• **TASK OBJECTIVE**:
From the data below, return only the lines from the one with "17. Setting up" through the one with "Антирадар stinger c202 инструкция", exact and inclusive, with pictures left out.

• **DATASET**:
--- START ---

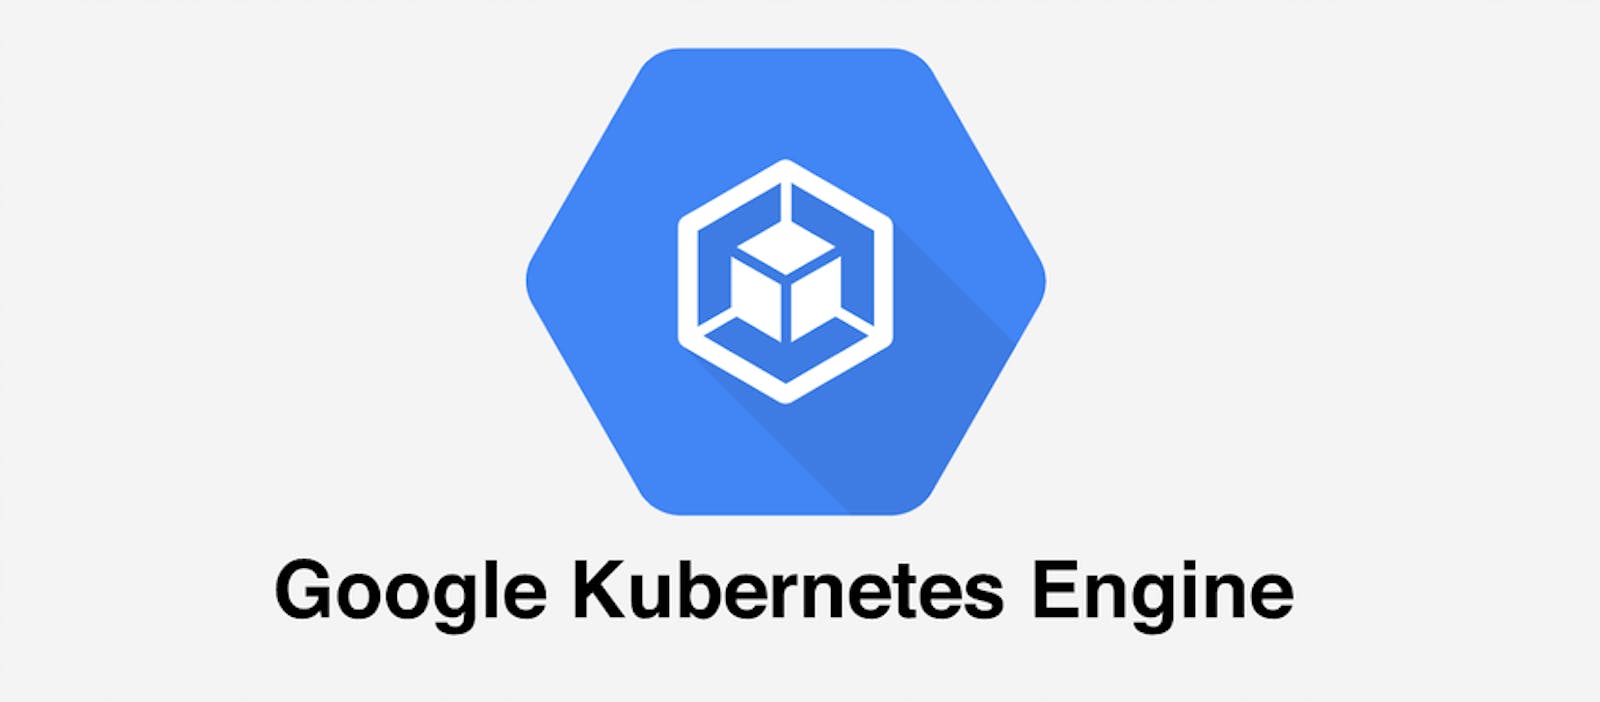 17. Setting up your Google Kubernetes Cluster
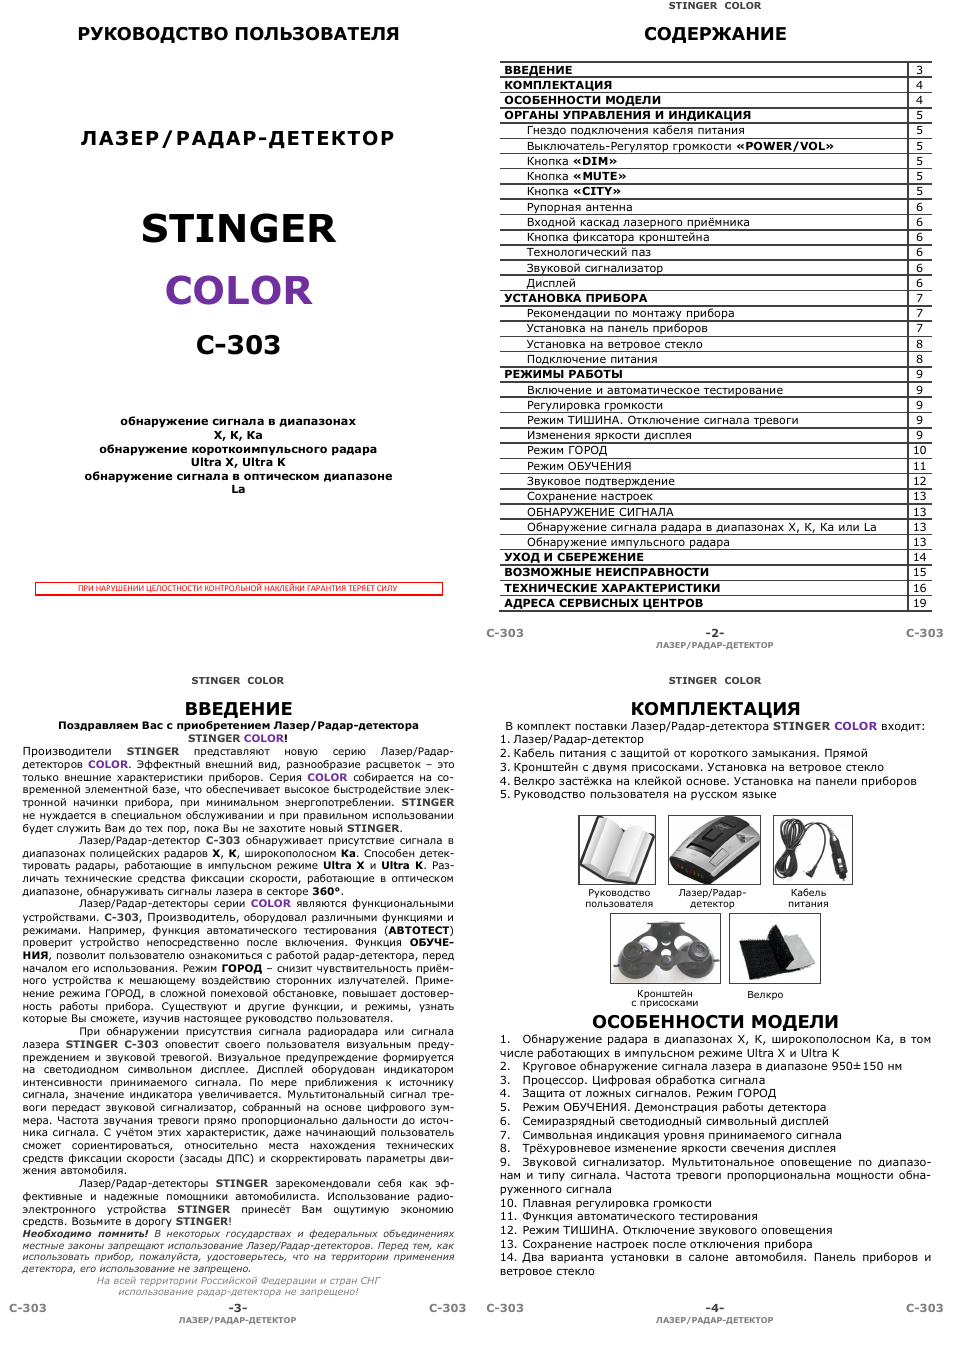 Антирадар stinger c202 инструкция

--- END ---
--- START ---

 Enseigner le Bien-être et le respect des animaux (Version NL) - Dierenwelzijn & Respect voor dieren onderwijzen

--- END ---
--- START ---

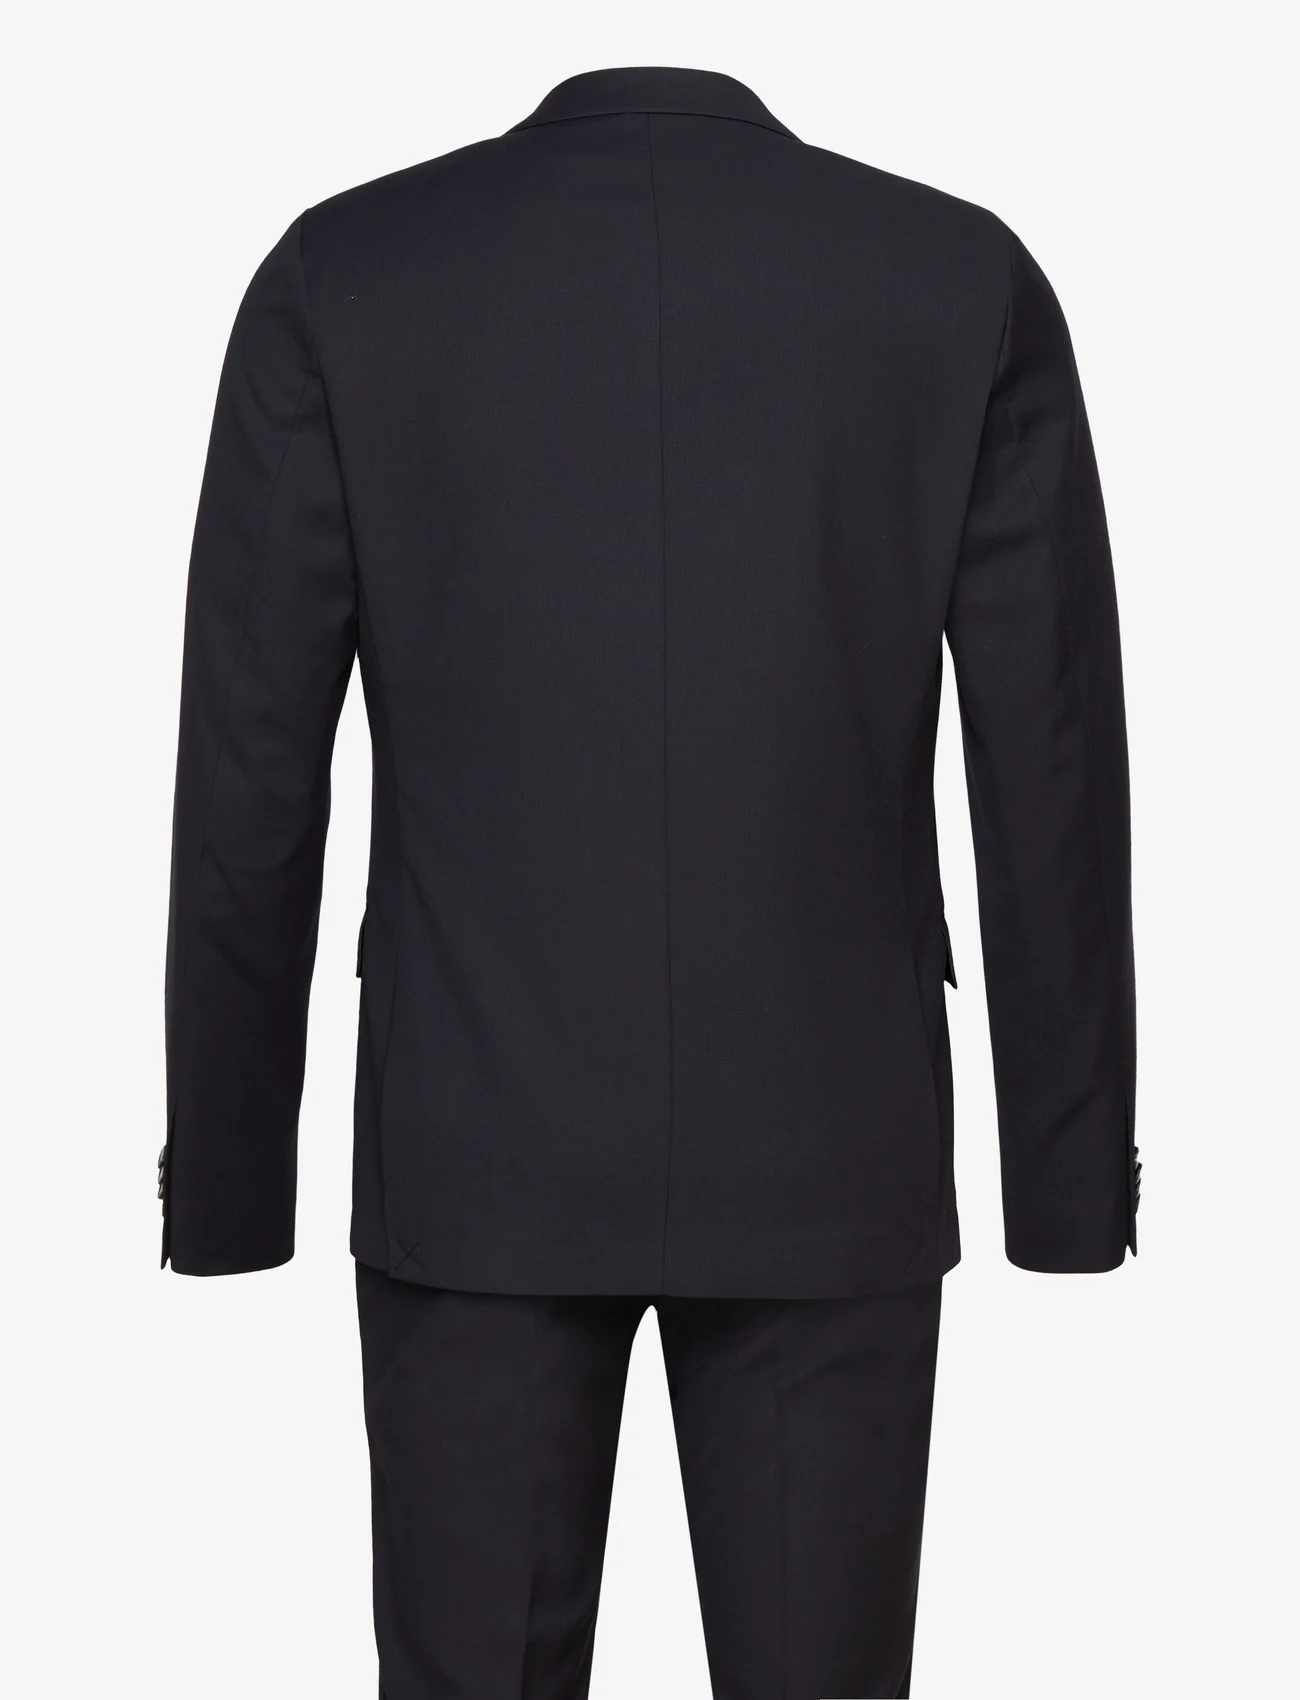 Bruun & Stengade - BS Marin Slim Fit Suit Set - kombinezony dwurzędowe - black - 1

--- END ---

• **WRITTEN SOLUTION**:
 17. Setting up your Google Kubernetes Cluster
 Антирадар stinger c202 инструкция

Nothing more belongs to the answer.